PROVIDED MATERIAL:
#####

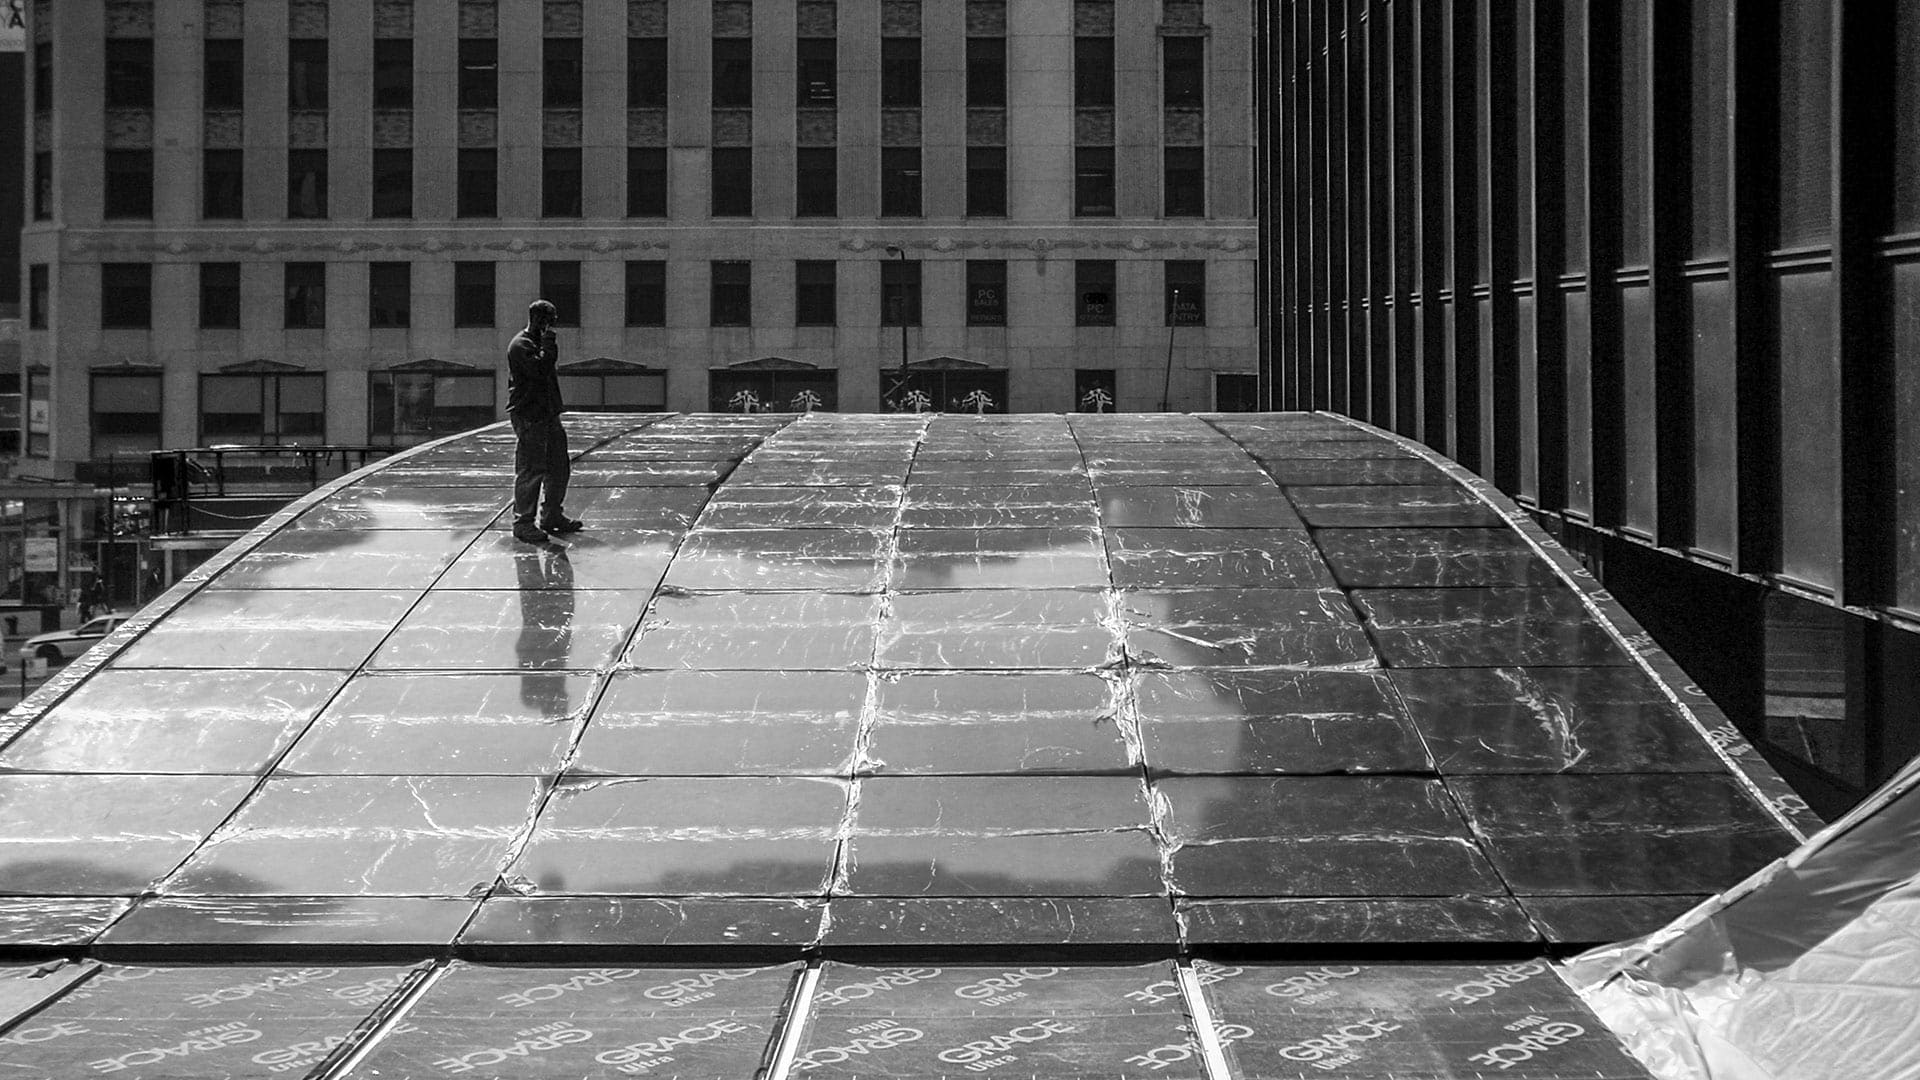 Construction photo shows a man standing on the top of the Michigan Avenue Plaza awning in Chicago.
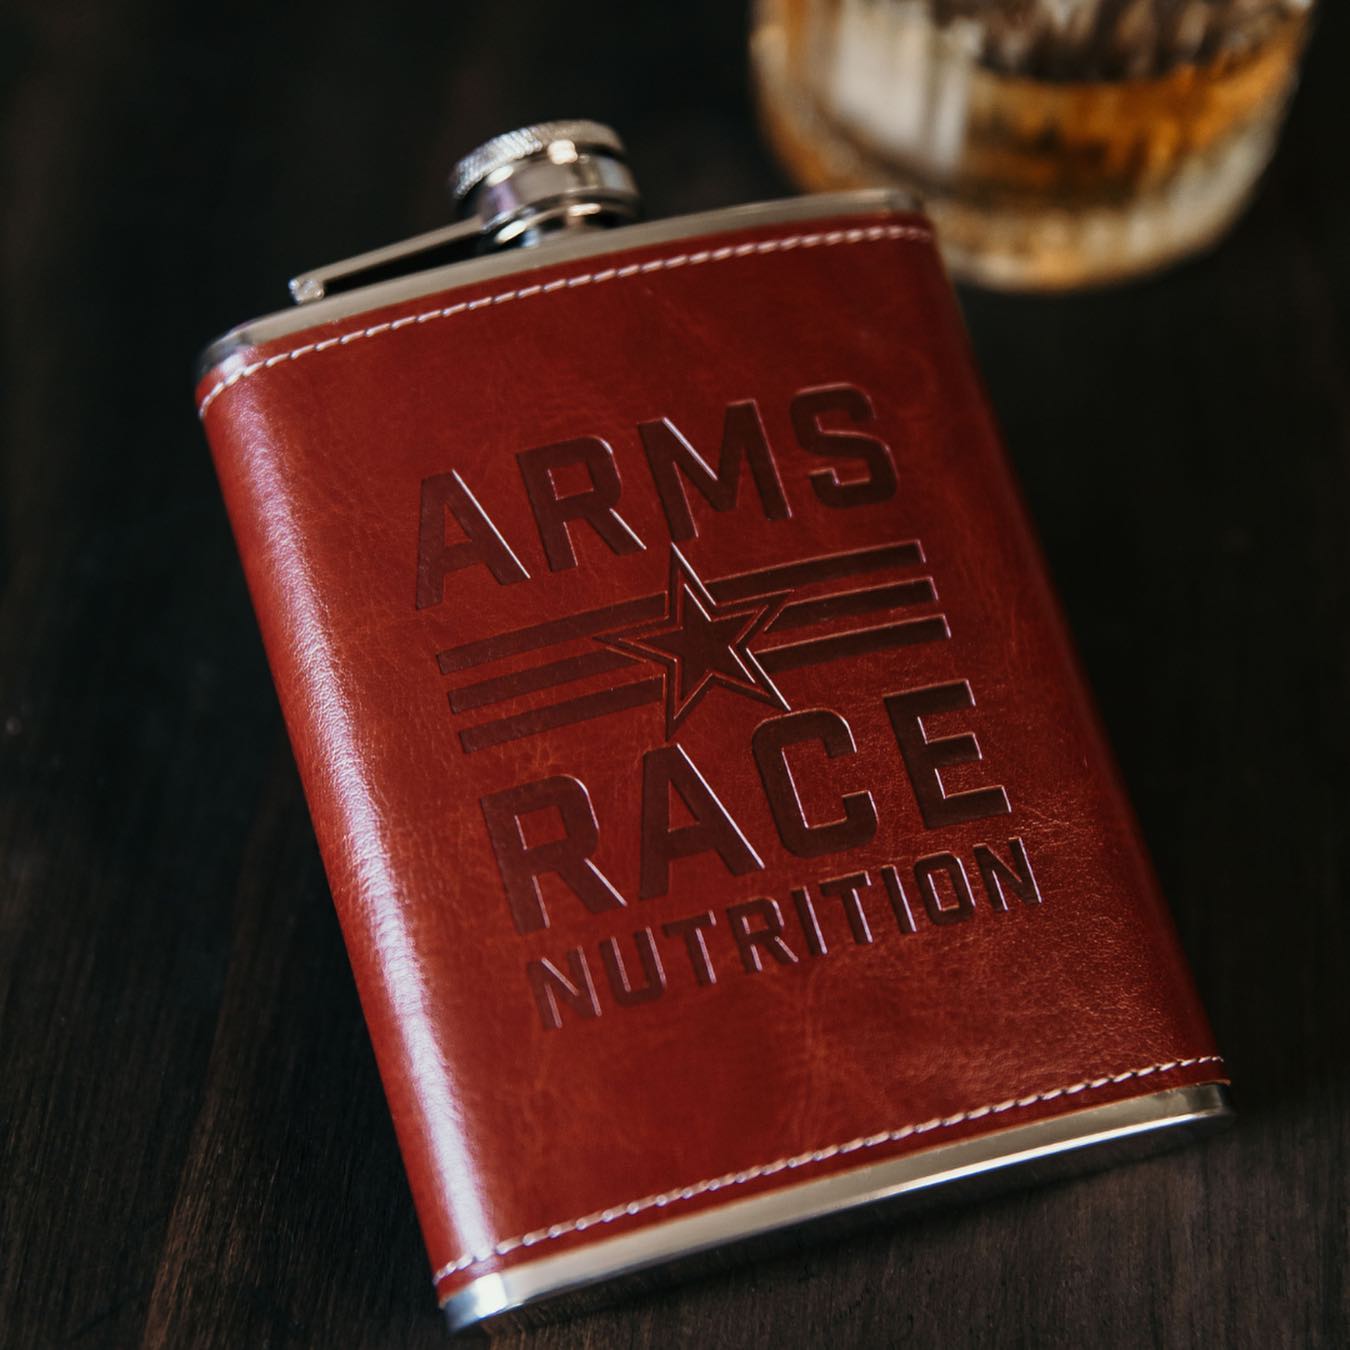 Arms Race Nutrition Stainless Steel Flask
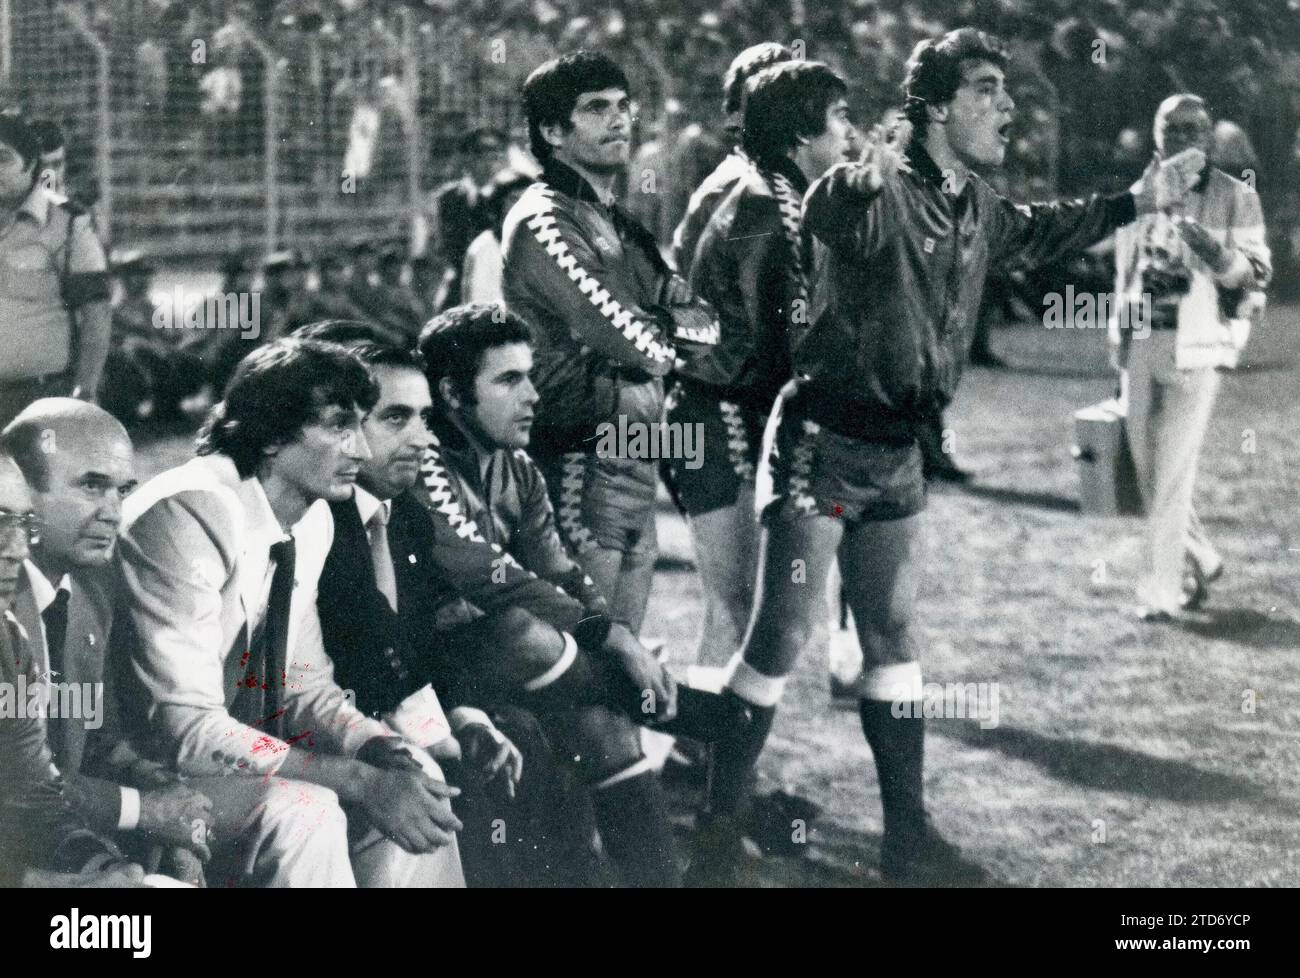 Betis bench during the Benfica-Betis match, the first leg corresponding to the first UEFA Cup Qualifier of the 1982-83 season, the 75th anniversary of Verdiblanco's founding. From left to right, sitting, you see Vicente Montiel, Masseuse; Juan Manuel Mauduit, President; Antal Dunai, Coach; Pedro Buenaventura, Technical Secretary, and the player Antonio Benítez. Standing you can see the players Ramón, corner and Cardeñosa. The match ended with a 2-1 victory for Benfica. In the Vuelta, at the Benito Villamarín stadium, the Portuguese won 1-2. (photo Ruesga bonus. Credit: Album / Archivo ABC / Ru Stock Photo
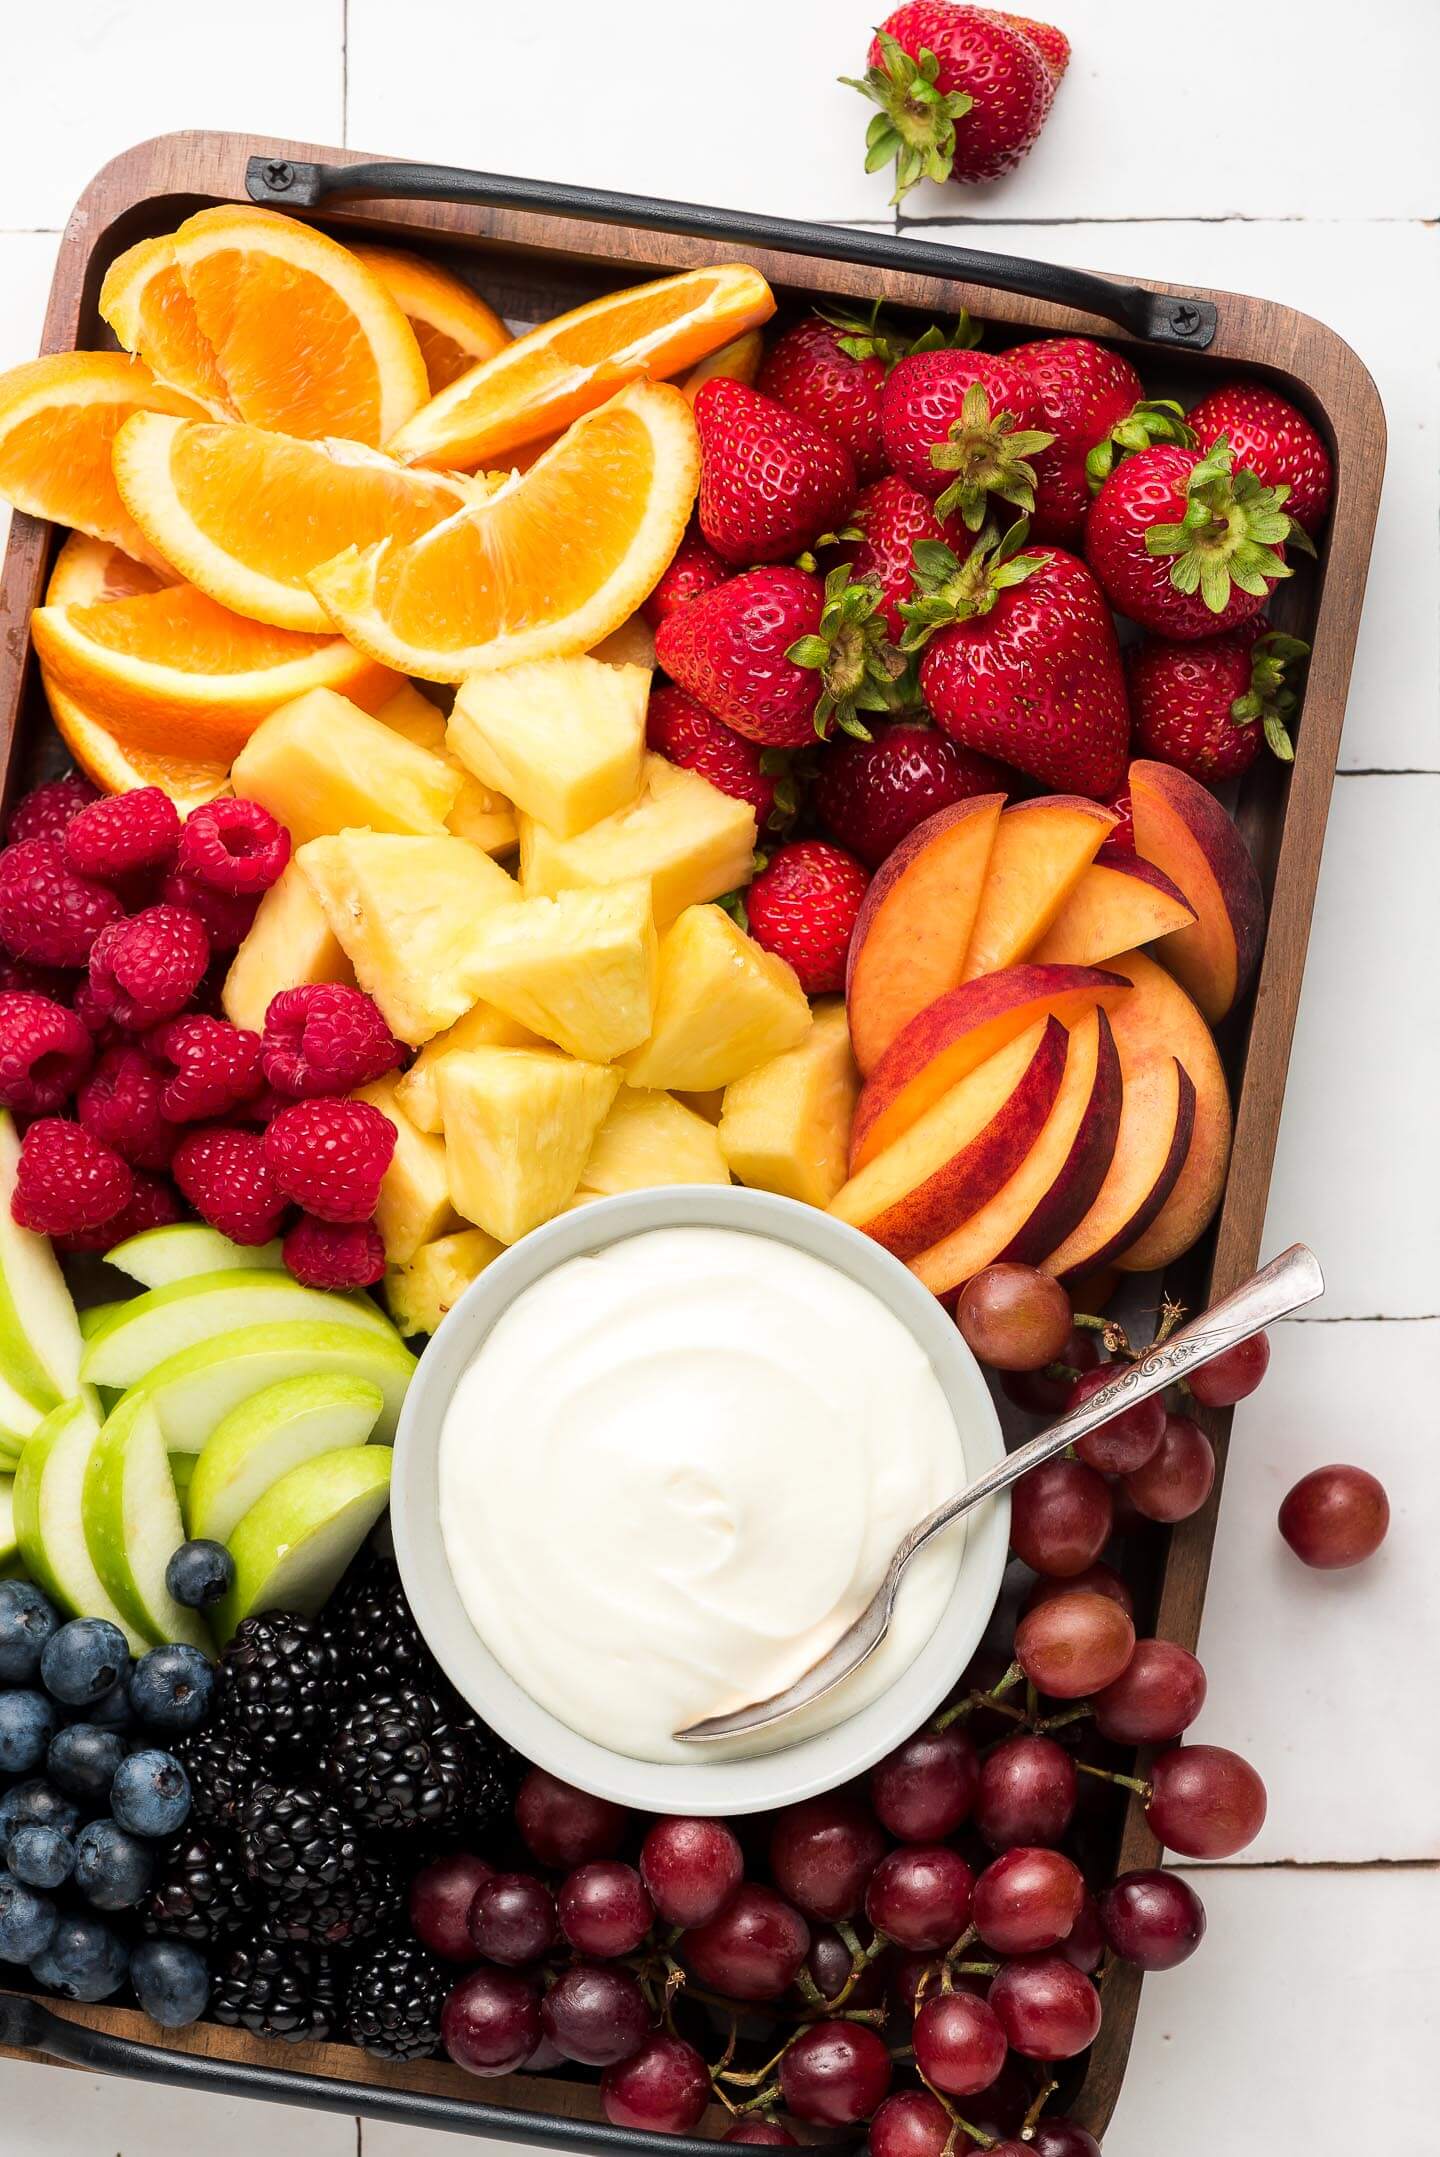 A big wooden tray loaded with colorful fruit and a small bowl of marshmallow fruit dip.

#####

The whole listing above needs to be copied exactly; please keep the pictures out.

 Construction photo shows a man standing on the top of the Michigan Avenue Plaza awning in Chicago.
 Arms Race Nutrition Stainless Steel Flask
 Betis bench during the Benfica-Betis match, the first leg corresponding to the first UEFA Cup Qualifier of the 1982-83 season, the 75th anniversary of Verdiblanco's founding. From left to right, sitting, you see Vicente Montiel, Masseuse; Juan Manuel Mauduit, President; Antal Dunai, Coach; Pedro Buenaventura, Technical Secretary, and the player Antonio Benítez. Standing you can see the players Ramón, corner and Cardeñosa. The match ended with a 2-1 victory for Benfica. In the Vuelta, at the Benito Villamarín stadium, the Portuguese won 1-2. (photo Ruesga bonus. Credit: Album / Archivo ABC / Ru Stock Photo
 A big wooden tray loaded with colorful fruit and a small bowl of marshmallow fruit dip.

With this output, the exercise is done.